Big Ten Open Books: An Interview with Kate McCready (BTAA) and Charles Watkinson (UM) – November 20, 2025
"One of the most exciting initiatives working on OA for backlist books is the Big Ten Open Books program. This post is based on a set of questions we posed to Kate McCready (Program Director for Open Publishing, Center for Library Programs at the Big Ten Academic Alliance) and Charles Watkinson (Director of University of Michigan Press and Associate University Librarian for Publishing at the University of Michigan) about what the program is and how it works."
cOAlition S reinforces Open Access commitment while advancing next strategic phase – November 19, 2025
"cOAlition S today reaffirmed its commitment to the foundational mission of accelerating full and immediate Open Access while expanding its vision to encompass the broader goal of rapid, open, transparent, and equitable sharing of trustworthy scientific knowledge. Seven years after the launch of Plan S, the international coalition of research funding and support organisations has defined a new strategic plan to advance their joint efforts on open access forward (2026-2030)."

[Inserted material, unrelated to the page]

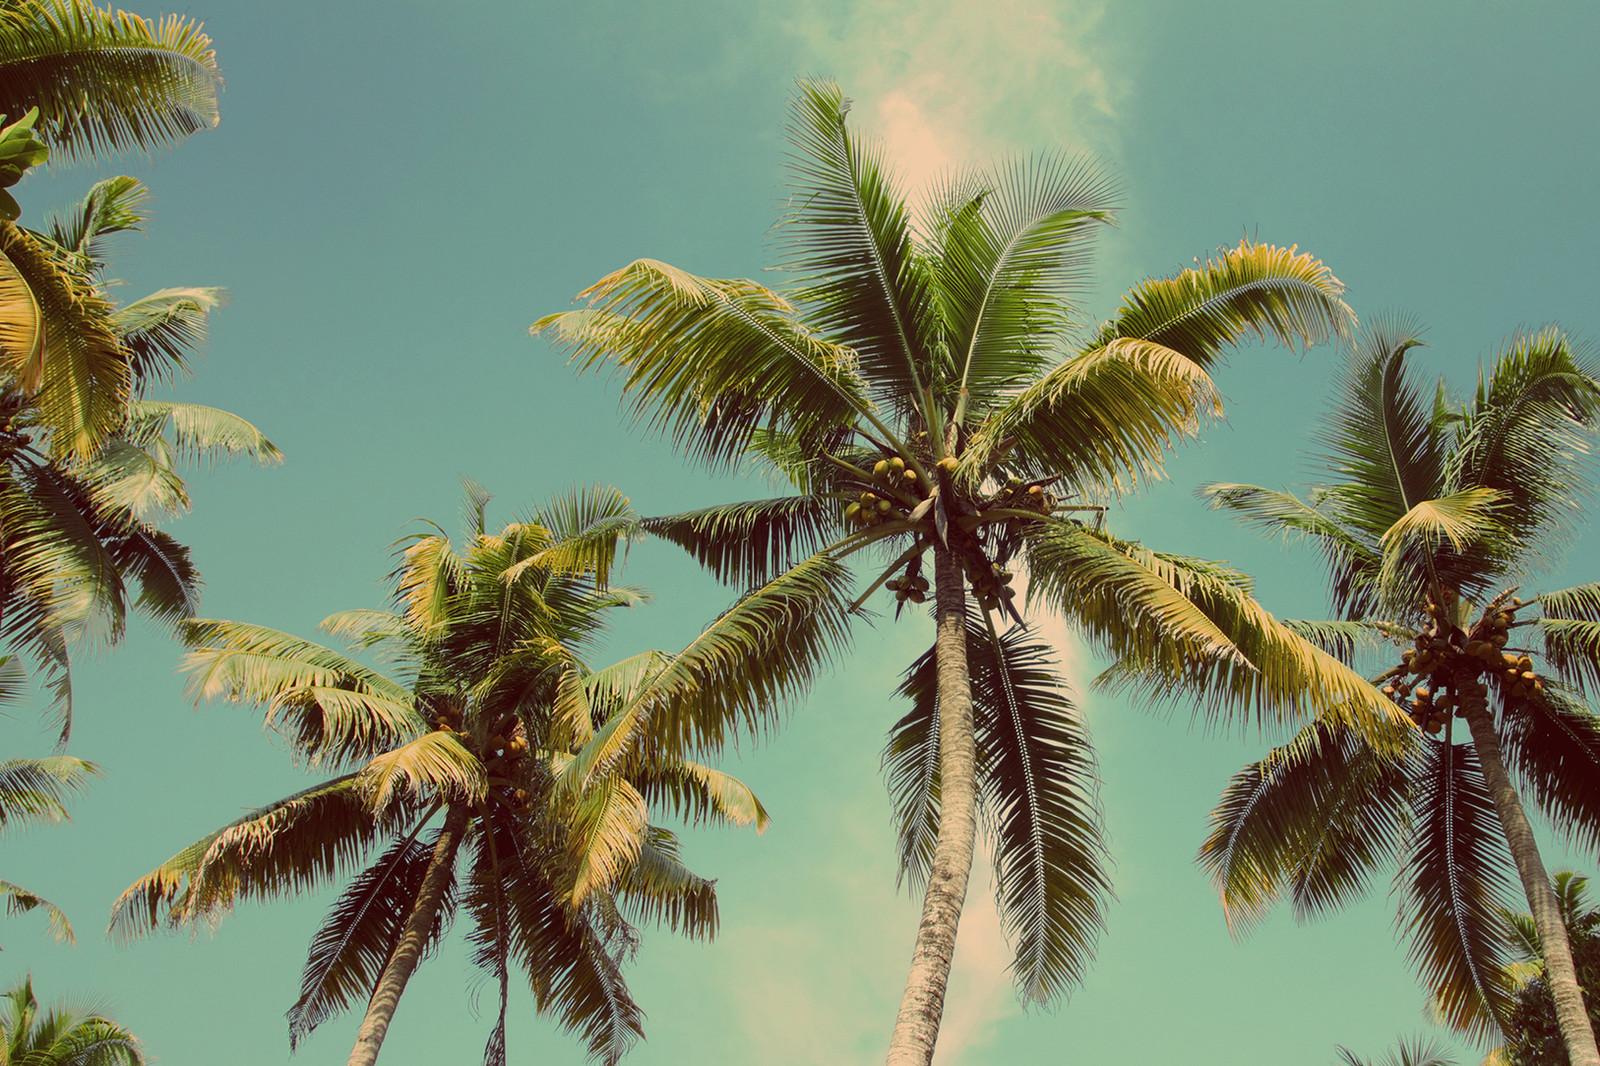 Alton really is 3 miles from EVERYWHERE! | Alton | Alton Palm Beach ...

Elsevier Expands Geographical Pricing for Open Access to support greater participation in global research – October 22, 2025
"Elsevier, a global leader in advanced information and decision support in science and healthcare, is expanding its Geographical Pricing for Open Access (GPOA) initiative to an additional 150 gold open access journals, following the success of its 2024 pilot. This expansion means around 300 journals will offer pricing based on geography to help authors in low- and middle-income countries publish their research open access."
OA JOURNAL LAUNCHES
ASBMB launches Insights in Biochemistry and Molecular Biology – November 20, 2025
"The American Society for Biochemistry and Molecular Biology is expanding ways to share emerging research across the breadth of the molecular life sciences by adding Insights in Biochemistry and Molecular Biology, or IBMB, to its family of journals...Like all ASBMB journals, IBMB will be gold open access."
American Physical Society to launch new open access journal on AI and machine learning in scientific research – November 19, 2025
"The American Physical Society is launching PRX Intelligence, a highly selective open access journal that will welcome manuscripts on AI and machine learning methods and their application to advance scientific understanding. The journal will accept submissions starting in February 2026."
PLOS launches two journals to address critical real-world challenges – November 13, 2025
"The Public Library of Science (PLOS) today announced the launch of two journals, PLOS Aging and Health and PLOS Ecosystems. Both journals are grounded in our commitment to rigor and research integrity of the highest standard and our open science principles..."
AIP Publishing Announces New Journal Partnership with Hebei University of Technology: Harmonics and Scattering to Launch in 2026 – November 10, 2025
"AIP Publishing (AIPP) is pleased to announce a new publishing partnership with Hebei University of Technology to develop Harmonics and Scattering (HAS), an international, peer-reviewed diamond open access journal dedicated to advancing cutting-edge research in harmonics and scattering technologies."